Great point. Although it was agreed on before Last Jedi was even shooting that Trevorrow was doing IX, right?Quoting TGM (view post)
I believe it was, so Johnson went into his film with no expectations to have to be the one who has to try and follow it up. So then, pull the rug on him after the fact, and I’d be curious what we’d wind up with.Quoting Ezee E (view post)
I don't buy this argument that Johnson left them with nowhere to go. The First Order was still in charge of shit, Kylo Ren was now the Supreme Leader, the heroes were beaten back and needed to regroup and find a way to rally more people to their cause. Lots of stuff is clearly unresolved. Somehow the bad guys have to lose. How's that gonna happen?
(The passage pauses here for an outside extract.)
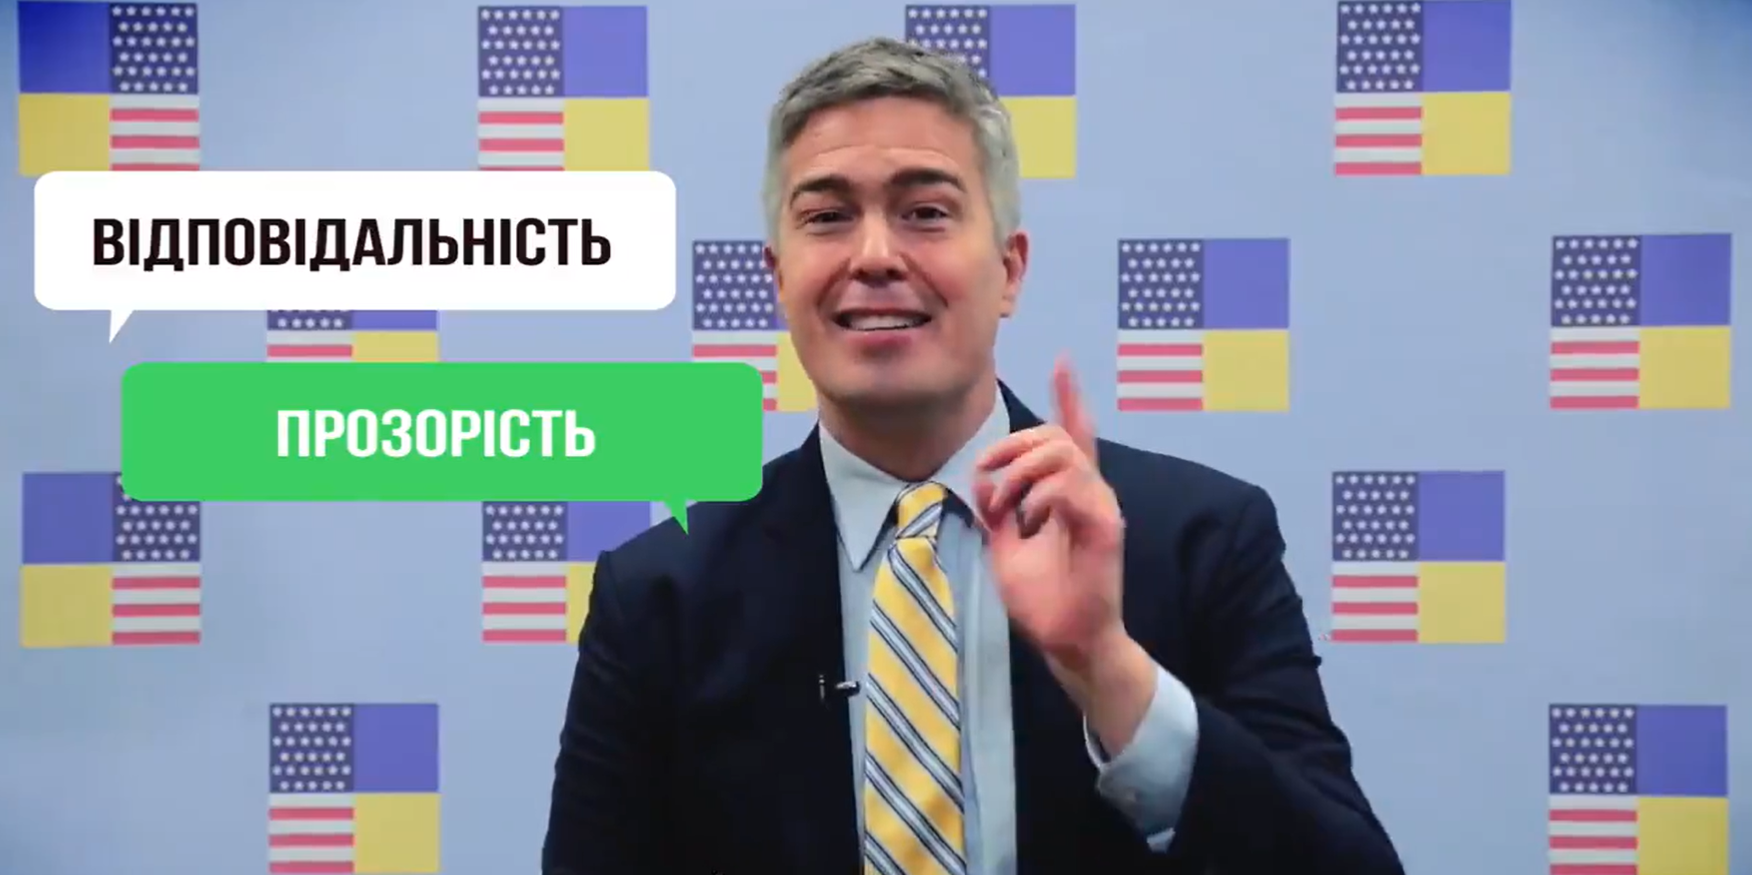 Дипломат из посольства США назвал свои любимые украинские слова

Figure it out, that's the story.
Trevorrow's draft is supposedly from December 2016, before Carrie Fisher died and a year before TLJ was released. Then another writer was brought on to rewrite that draft and sometime in the summer of 2017 Trevorrow was let go.
I like a lot of things about the story in terms of missions and basic story momentum. Stealing a Star Destroyer to replenish the Resistance's fleet is cool. Covert mission to activate a beacon is cool. Sounds fun for everyone other than Rey and Kylo. They seem much too sidelined into more training and more internal struggles that doesn't feel like it pushes anything forward. Also, Kylo has to be redeemed, he just does. His whole thing is about his struggle against his natural inclination towards the light side. He needs to be the big bad, for sure, but there needs to be something he sets in motion that he regrets and helps the Resistance undo. Carrie Fisher's death made this difficult for sure; their confrontation would have been a major turning point. Maybe it's sacrilege, but they should have re-cast Leia. Bite that bullet and get Cherry Jones on the phone, just for the sake of the story and not being handcuffed to real world events. Kylo killing Rey's parents is probably a bridge too far. Maybe he was there when it happened, but he can't have delivered the blow. Also, the timing is just too off, Kylo isn't that much older than Rey. We're to believe that a 10 year old Kylo killed these people, before he fell from grace at Jedi academy? Please.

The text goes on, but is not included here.